Dans un communiqué de presse émis aujourd’hui, le Managing Director de Currimjee Hospitality Management, Dinesh Burrenchobay, commente « positivement » la décision du ministère du Logement et des Terres de convertir une portion de terrain de 1,5 arpent situé à La Cambuse en « plage publique ».

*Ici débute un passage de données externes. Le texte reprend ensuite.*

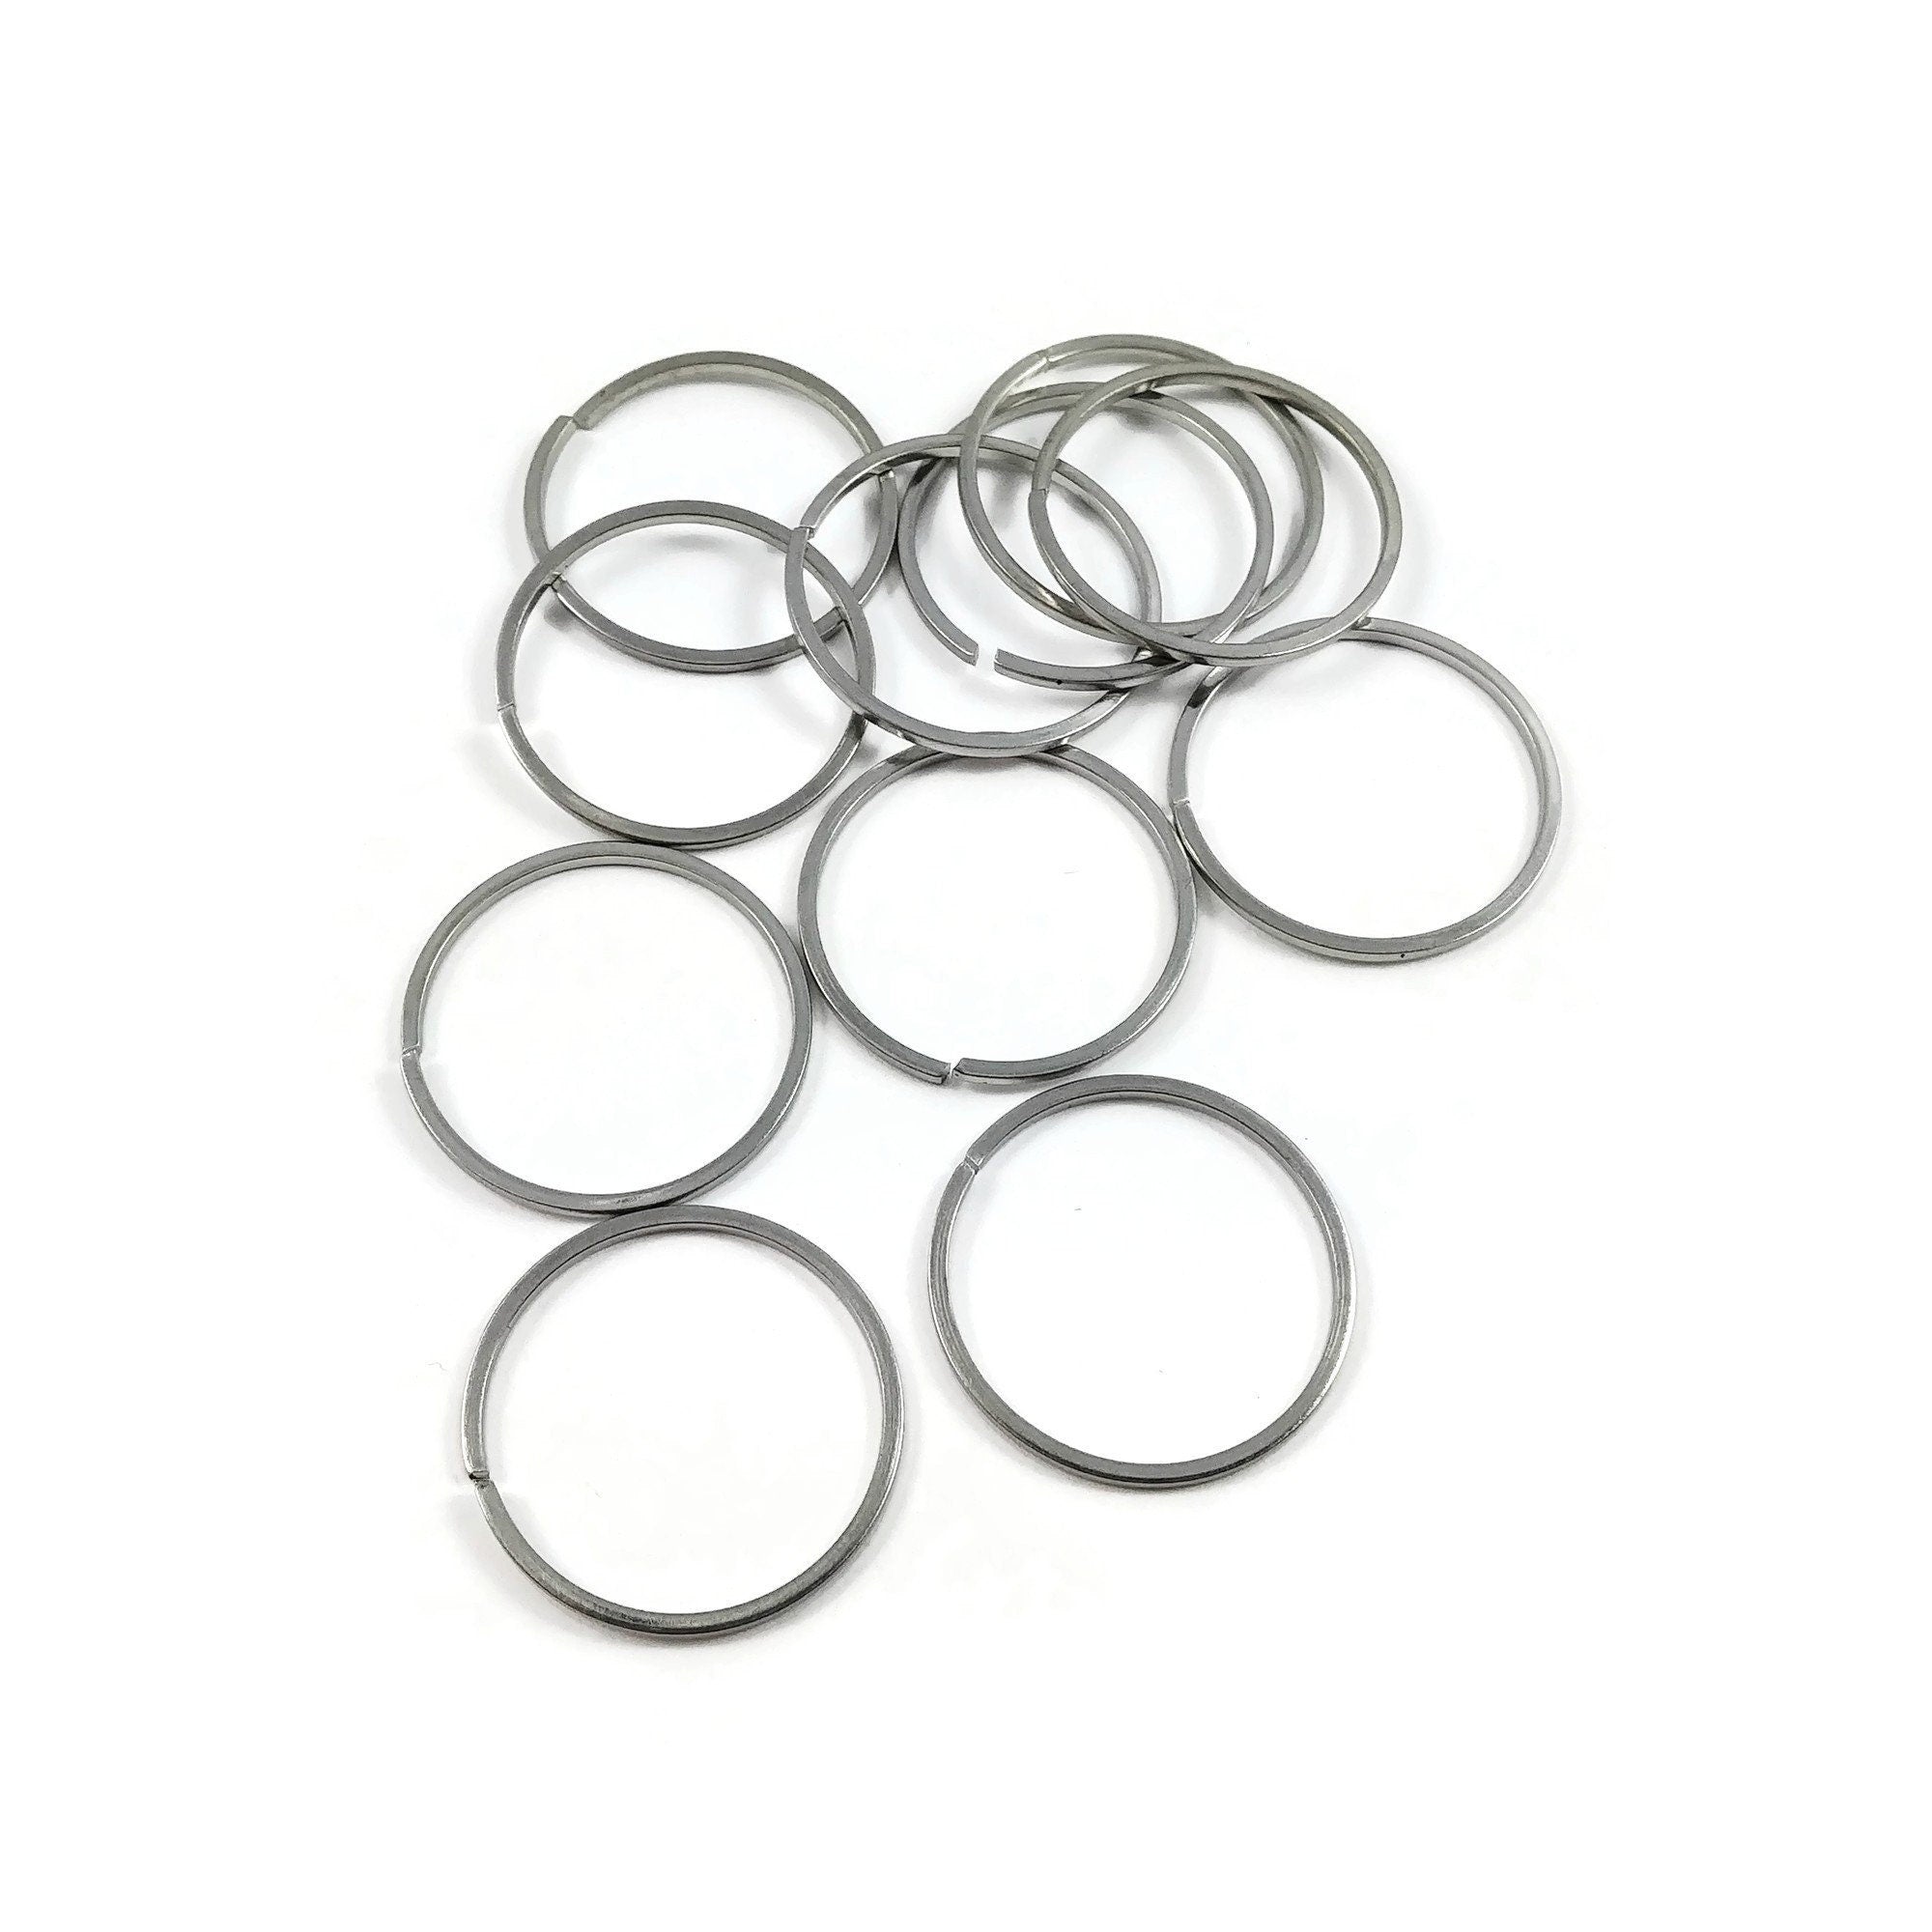 100-200pcs Stainless Steel Open Jump Rings Jewelry Making

« Nous accueillons très positivement la décision du gouvernement car elle vient éclaircir et confirmer, comme nous l’avons toujours affirmé, que cette portion de 1,5 arpent de front de mer devant le poste de la NCG n’est et ne sera occupée ni par les infrastructures de l’hôtel, ni par celles des NCG et restent toujours accessibles au public comme c’est déjà le cas depuis deux ans », affirme Dinesh Burrenchobay dans son communiqué.
« Après avoir constaté la vérité au sujet de la nouvelle route publique menant à la plage, le public peut maintenant voir la vérité au sujet de la plage publique et il va bientôt découvrir que les attaques sur la dimension environnementale de notre projet sont totalement infondées et que le projet hôtelier du Chaland est une référence en matière de développement ».
Et Dinesh Burrenchobay de poursuivre : « Contrairement à ce qui a pu être dit par un petit groupe de personnes mal intentionnées et animées par l’objectif de semer le doute dans l’opinion publique, et comme nous l’avions toujours dit, la plage publique reste la plage publique. » Il ajoute que « cette nouvelle étape vient rétablir les faits et encore une fois met en évidence le combat sélectif et subjectif des opposants à notre projet ».
Le ministre du Logement et des Terres, Showkutally Soodhun a décrété publique la plage de 1,5 arpent à La Cambuse. La décision a été prise le 24 mai et publiée dans la Government Gazette en date du 28 mai dernier.
Dans un communiqué de presse en date du 20 avril dernier, la coalition Aret Kokin Nu Laplaz (AKNL) avait demandé « au Premier ministre, sir Anerood Jugnauth, ainsi qu’à tous les ministres de reproclamer cette portion de 1,5 arpent au statut de plage publique ». La coalition s’était auparavant indignée qu’en mai 2014, le ministre du Logement et des Terre d’alors eût repris du domaine public (deproclaim) 1,5 arpent de plage publique afin de permettre la construction d’un nouveau poste pour les NCG. L’ancien quartier général se retrouve ainsi vidé, prêt à être démoli pour faire place au Chaland Hotel.
« Si la page n’a pas été redécoupée et que les gens pourront venir pique-niquer sur cette partie de la plage décrétée publique devant le nouveau poste du NCG, cela ne peut que nous réjouir. Ce sera la toute première fois à Maurice que les Mauriciens seraient libres de venir faire la fête devant un poste de police. Mais tout cela nous laisse sceptique vu les divers revirements qu’a connus cette portion de plage. Ce n’est que dans la pratique qu’on saura de quoi il en retourne », a pour sa part commenté Bernard Cayeux, porte-parole d’AKNL, que Le Mauricien a sollicité.
En effet, AKNL multiplie les démarches pour faire opposition au projet du groupe Currimjee Jeewanjee de faire construire le Chaland Resort Hotel à La Cambuse. Les militants d’AKNL estiment qu’outre de constituer un accaparement d’une plage publique, ce projet est une menace à l’écosystème marin de par sa proximité avec les systèmes des dunes de La Cambuse, du sanctuaire des dodos de Mare-Chicose et du Parc Marin de Blue-Bay qui est un site protégé sous par la Convention de Ramsar.
AKNL conteste d’autre part auprès du Environment and Land Use Appeal Tribunal l’octroi par le Conseil de district de Grand-Port d’un Land Use & Building Permit à Currimjee Hospitality Management pour la construction de son hôtel.